Question

find the derivative of the given function.
q = sin(\frac{t}{\sqrt{t + 5}})
\frac{dq}{dt}=\square

Explanation:

Step1: Apply chain - rule

Let $u=\frac{t}{\sqrt{t + 5}}$, then $q=\sin(u)$. The chain - rule states that $\frac{dq}{dt}=\frac{dq}{du}\cdot\frac{du}{dt}$. First, find $\frac{dq}{du}$. Since $q = \sin(u)$, $\frac{dq}{du}=\cos(u)=\cos(\frac{t}{\sqrt{t + 5}})$.

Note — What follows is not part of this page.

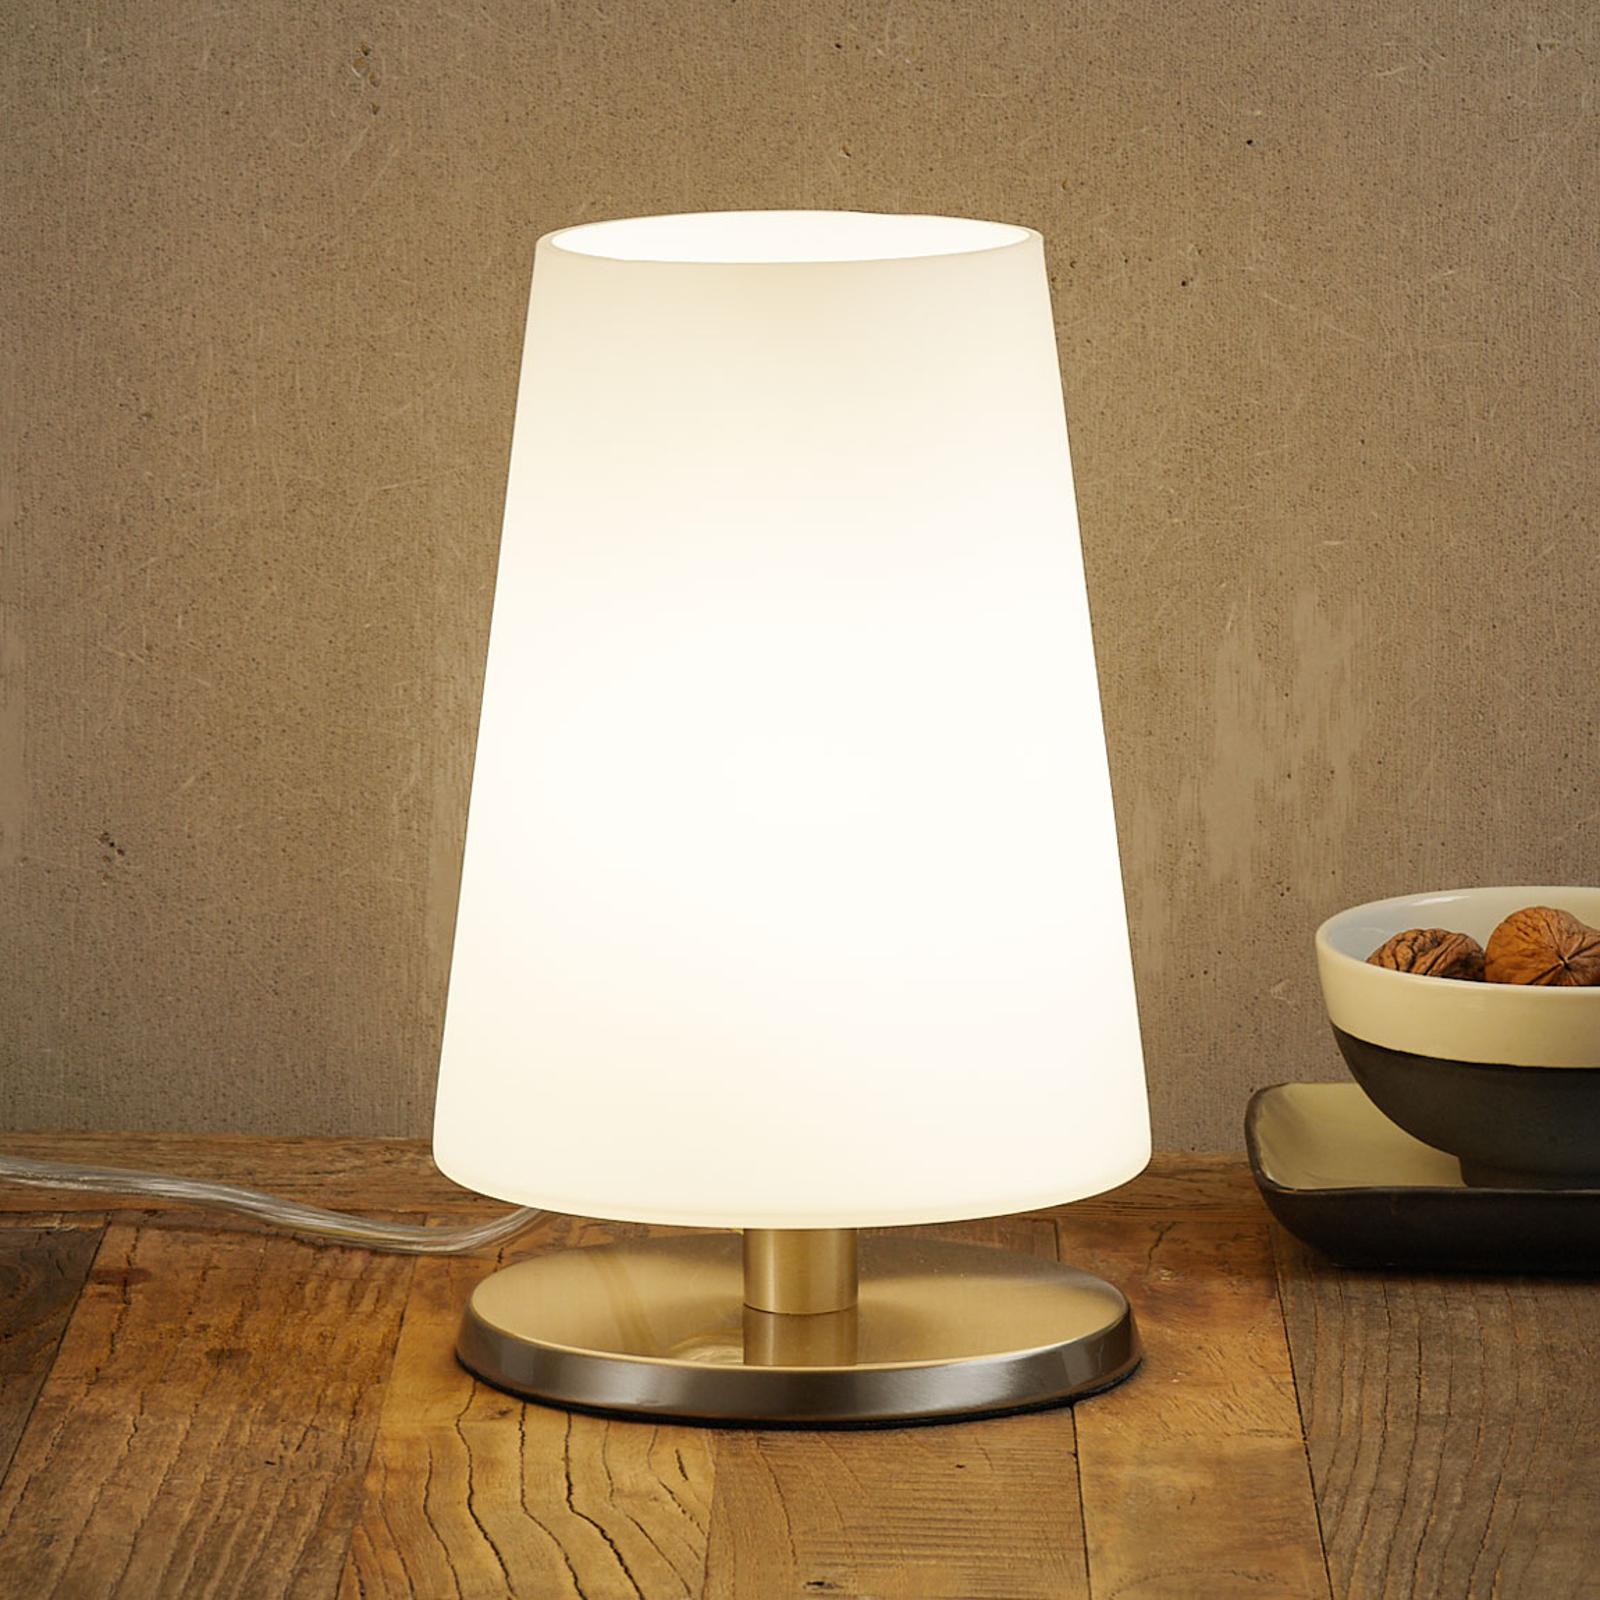 Lampe à poser Ancilla acier, variateur sensitif

Step2: Find $\frac{du}{dt}$ using quotient - rule

The quotient - rule for $u=\frac{f(t)}{g(t)}$ where $f(t)=t$ and $g(t)=\sqrt{t + 5}=(t + 5)^{\frac{1}{2}}$ is $\frac{du}{dt}=\frac{f^{\prime}(t)g(t)-f(t)g^{\prime}(t)}{g^{2}(t)}$. We know that $f^{\prime}(t)=1$ and $g^{\prime}(t)=\frac{1}{2}(t + 5)^{-\frac{1}{2}}$. Then $\frac{du}{dt}=\frac{1\cdot\sqrt{t + 5}-t\cdot\frac{1}{2}(t + 5)^{-\frac{1}{2}}}{t + 5}=\frac{\sqrt{t + 5}-\frac{t}{2\sqrt{t + 5}}}{t + 5}=\frac{\frac{2(t + 5)-t}{2\sqrt{t + 5}}}{t + 5}=\frac{2t+10 - t}{2(t + 5)^{\frac{3}{2}}}=\frac{t + 10}{2(t + 5)^{\frac{3}{2}}}$.

Step3: Calculate $\frac{dq}{dt}$

By the chain - rule $\frac{dq}{dt}=\frac{dq}{du}\cdot\frac{du}{dt}=\cos(\frac{t}{\sqrt{t + 5}})\cdot\frac{t + 10}{2(t + 5)^{\frac{3}{2}}}$.

Answer:

$\frac{t + 10}{2(t + 5)^{\frac{3}{2}}}\cos(\frac{t}{\sqrt{t + 5}})$